A sua ação e pensamento, inicialmente inspirados por figuras como Alexandre Herculano, Oliveira Martins e Antero de Quental,
foi marcadamente voltada para a reforma das mentalidades, para a
compreensão histórico-sociológica de Portugal e para a problemática da
educação; defendeu o modelo da escola-município, baseado no ideal de self-government e de educação cívica.
O seu pensamento inscreve-se numa constelação de pensadores
cosmopolitas de pendor voluntarista seus contemporâneos, defensores da
democracia e de ideais socialistas, entre os quais se contam John Dewey, Guglielmo Ferrero, Ramsay MacDonald e Georg Kerschensteiner.
A sua interpretação da história de Portugal,
que foi amadurecendo em textos publicados entre 1913 e 1924, valorizou
os fatores sócio-económicos (as duas políticas nacionais: transporte e
fixação) e de psicologia social (dicotomia ideal-típica entre particularismo e comunarismo, originária da corrente sociológica francesa do grupo de La Science Sociale, onde se destacaram Edmond Desmolins, autor de À quoi tient la supériorité des anglo-saxons, e Léon Poinsard, que veio estudar Portugal a convite de D. Manuel II, de que resultou a obra Le Portugal Inconnu,
publicada em 1909); António Sérgio criticou as histórias românticas que
enalteciam os feitos guerreiros e a aventura norte-africana de D. Sebastião, esquecendo a pesada herança do nosso colonialismo.
Durante a década de 10, a sua intervenção foi enquadrada pelo movimento cultural da Renascença Portuguesa (onde pontificavam Teixeira de Pascoaes e Jaime Cortesão),
movimento que Sérgio sempre considerou de natureza plural, por isso se
opondo à ideia de que o saudosismo de Pascoaes, cujo valor restringia ao
plano estético, poderia servir de farol para a solução do problema
nacional; pelo contrário denunciou a mania da purificação e o
parasitismo que nos inquinava desde os descobrimentos, enaltecendo o papel dos estrangeirados reformistas e dos que se inspiravam de corrente liberais cosmopolitas (Luís António Verney, Ribeiro Sanches e depois Alexandre Herculano, Almeida Garrett, Mouzinho de Albuquerque, Antero de Quental, Oliveira Martins).
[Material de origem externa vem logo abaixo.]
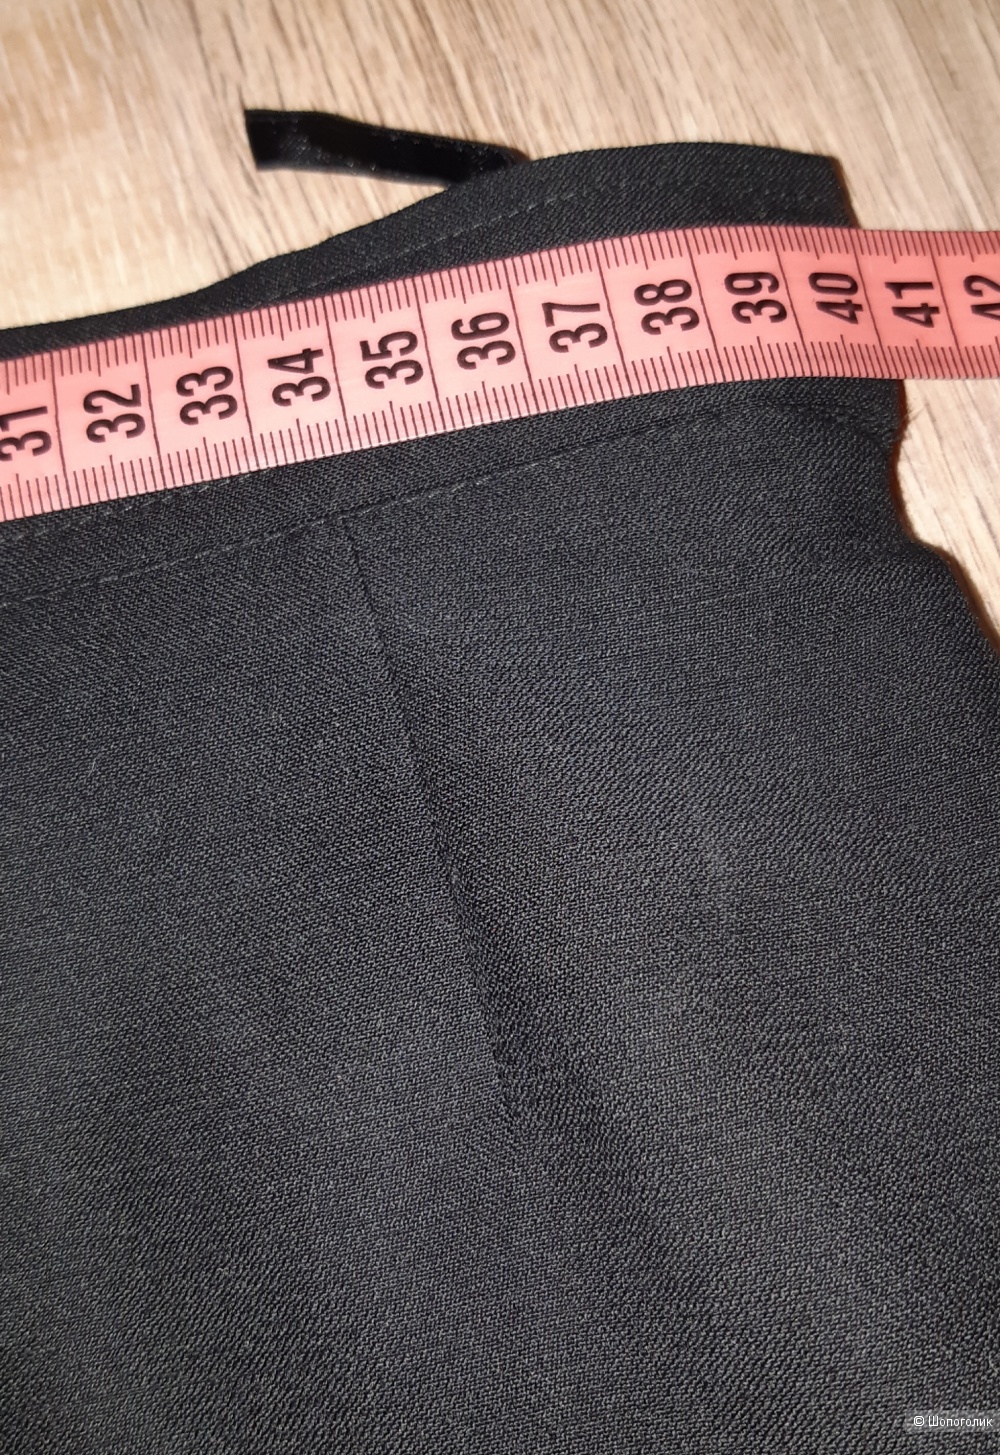 Шерстяная юбка-карандаш austin reed, размер 46/48

No plano político, Sérgio considerou prioritária a constituição
de uma opinião pública e de uma elite, recrutada sobre a base social
mais ampla, a qual fiscalizaria os representantes eleitos - esta seria
uma condição fundamental para uma democracia efetiva, a qual, na aceção
filosófica, equivaleria ao regime em que todo o ser humano estivesse
investido da dignidade que resulta de o considerar sempre como fim em si
e nunca como meio (Kant); por isso teorizou sobre a noção de elite, para o que se inspirou em Proudhon, Gabriel Tarde e Paul de Roussiers.
Durante a residência em Paris de 1926 até 1933, tornou-se amigo de Paul Langevin, frequentando os cenáculos racionalistas onde Léon Brunschvicg era figura maior. Continuou entretanto a publicar os seus Ensaios,
onde os temas literários, históricos e filosóficos eram dominantes,
sempre apresentados numa perspetiva pedagógica e crítica (que se manteve
fiel às intuições maiores dos seus anos de formação) e a lutar pelo
retorno de Portugal à democracia.
Nos anos 50 rodeou-se de um grupo de jovens estudantes de ciências (entre os quais se contou João Luís Andrade e Silva, discípulo de Louis de Broglie,
que a voltar de Paris iniciou de modo consequente o ensino superior da
História das ideias científicas), para os quais escreveu as Cartas de Problemática.
Para os seus detratores (bergsonistas, nacionalistas de feição romântica ou integralista,
marxistas-leninistas), o seu pensamento foi essencialmente polémico e
datado; não obstante, o seu pensamento continuou a despertar vocações em
gente das ciências sociais e exatas, que não se reclamando seus
discípulos sentem ser decisiva a sua inspiração.
- "O desenvolvimento do capitalismo português, na sua unidade
fundamental e na diversidade das suas orientações, não determinou entre
nós um alto desenvolvimento das forças produtivas. O sistema escolar
português não ultrapassou, por isso mesmo, os limites dos estreitos
interesses económicos e culturais da burguesia. Nunca se alcançou a
democratização real da Educação e da Instrução."